Re: Re: Re: [PATCH 3/4] mm/memofy-failure.c: optimize hwpoison_filter

From: zhenwei pi
Date: Sat May 07 2022 - 05:23:08 EST


On 5/7/22 16:20, Naoya Horiguchi wrote:
On Sat, May 07, 2022 at 08:28:05AM +0800, zhenwei pi wrote:

On 5/7/22 00:28, David Hildenbrand wrote:
On 06.05.22 15:38, zhenwei pi wrote:


On 5/6/22 16:59, Naoya Horiguchi wrote:
On Fri, Apr 29, 2022 at 10:22:05PM +0800, zhenwei pi wrote:
In the memory failure procedure, hwpoison_filter has higher priority,
if memory_filter() filters the error event, there is no need to do
the further work.

Could you clarify what problem you are trying to solve (what does
"optimize" mean in this context or what is the benefit)?


OK. The background of this work:
As well known, the memory failure mechanism handles memory corrupted
event, and try to send SIGBUS to the user process which uses this
corrupted page.

For the virtualization case, QEMU catches SIGBUS and tries to inject MCE
into the guest, and the guest handles memory failure again. Thus the
guest gets the minimal effect from hardware memory corruption.

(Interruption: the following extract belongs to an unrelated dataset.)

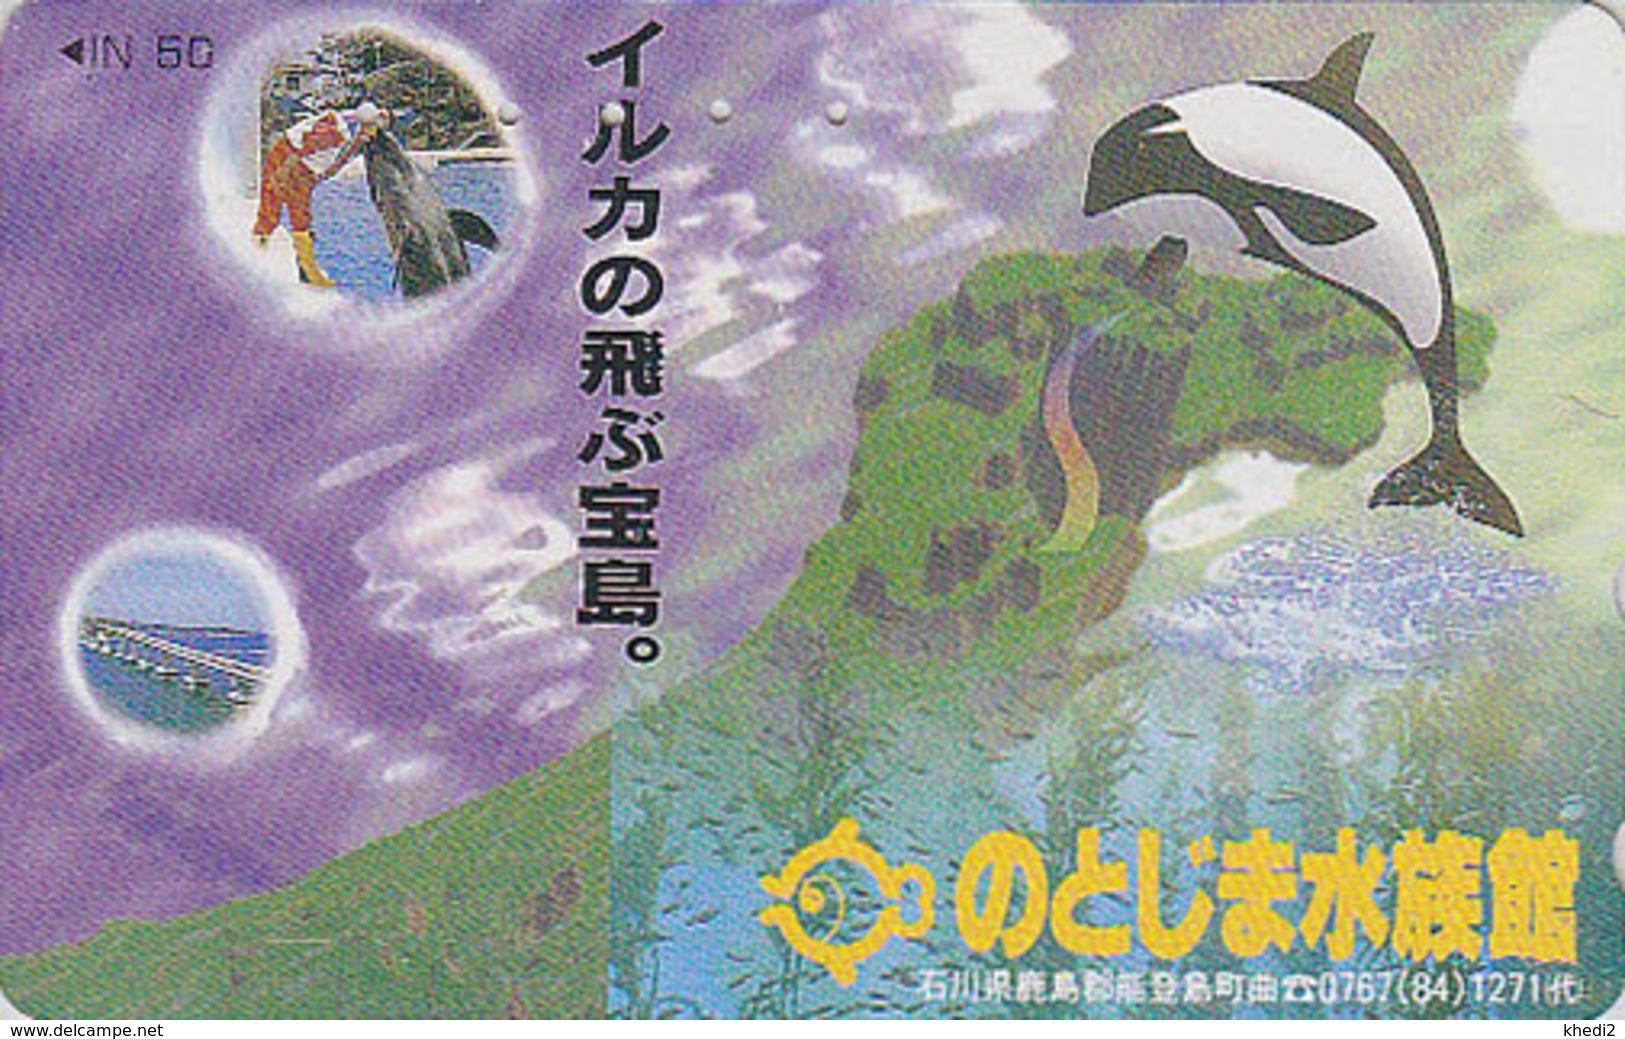 Télécarte Japon / 110-011 - ANIMAL - BALEINE ORQUE / Série Dressage 1 - ORCA WHALE  Japan Phonecard - 332 - Dauphins

The further step I'm working on:
1, try to modify code to decrease poisoned pages in a single place
(mm/memofy-failure.c: simplify num_poisoned_pages_dec in this series).

This is fine to me.


2, try to use page_handle_poison() to handle SetPageHWPoison() and
num_poisoned_pages_inc() together. It would be best to call
num_poisoned_pages_inc() in a single place too. I'm not sure if this is
possible or not, please correct me if I misunderstand.

SetPageHWPoison() can be cancelled in memory_failure(), so simply bundling
it with num_poisoned_pages_inc() might not be optimal. I think that
action_result() is supposed to be called when memory error handling is
effective (not filtered, not cancelled). So moving num_poisoned_pages_inc()
(and notification code in your plan) into this function might be good.

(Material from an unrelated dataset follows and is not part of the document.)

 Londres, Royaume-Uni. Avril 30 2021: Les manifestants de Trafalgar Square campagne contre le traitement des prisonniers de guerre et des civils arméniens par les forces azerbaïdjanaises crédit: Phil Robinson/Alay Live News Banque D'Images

OK, I'll remove this patch(mm/memofy-failure.c: optimize hwpoison_filter) from this series, and fix the other 3 patches in the v2 version. Then try to implement/test as your suggestion in another series.

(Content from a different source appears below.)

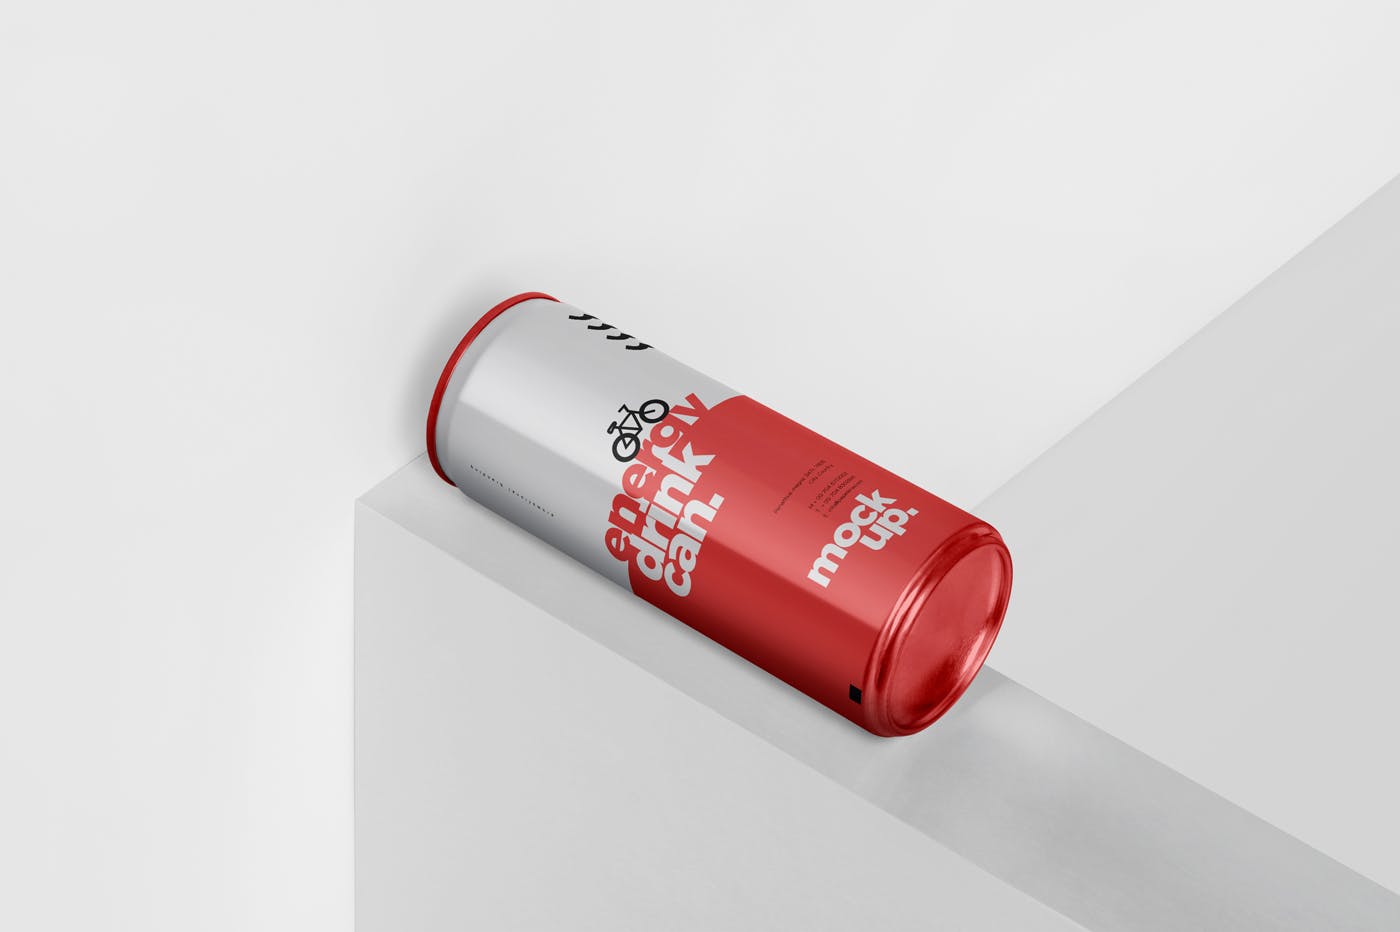 能量饮料易拉罐罐头外观设计素材库精选模板 Energy Drink Can Mock-Up – 250 ml插图(4)

3, introduce memory failure notifier list in memory-failure.c: notify
the corrupted PFN to someone who registers this list.
If I can complete [1] and [2] part, [3] will be quite easy(just call
notifier list after increasing poisoned page).

4, introduce memory recover VQ for memory balloon device, and registers
memory failure notifier list. During the guest kernel handles memory
failure, balloon device gets notified by memory failure notifier list,
and tells the host to recover the corrupted PFN(GPA) by the new VQ.

Most probably you might want to do that asynchronously, and once the
callback succeeds, un-poison the page.

Yes!


5, host side remaps the corrupted page(HVA), and tells the guest side to
unpoison the PFN(GPA). Then the guest fixes the corrupted page(GPA)
dynamically.

I think QEMU already does that during reboots. Now it would be triggered
by the guest for individual pages.

Yes, currently QEMU supports to un-poison corrupted pages during
reset/reboot. We can reuse some code to do the work in this case, this
allows a VM to fix corrupted pages as soon as possible(also no need to
reset/reboot).

So this finally allows to replace broken page mapped to guest with
a healthy page without rebooting the guest. That sounds helpful.

Thanks,
Naoya Horiguchi

Yes, it's my plan. Thanks for your suggestions!



Because [4] and [5] are related to balloon device, also CC Michael,
David and Jason.

Doesn't sound too crazy for me, although it's a shame that we always
have to use virtio-balloon for such fairly balloon-unrelated things.

Thanks!

--
zhenwei pi

--
zhenwei pi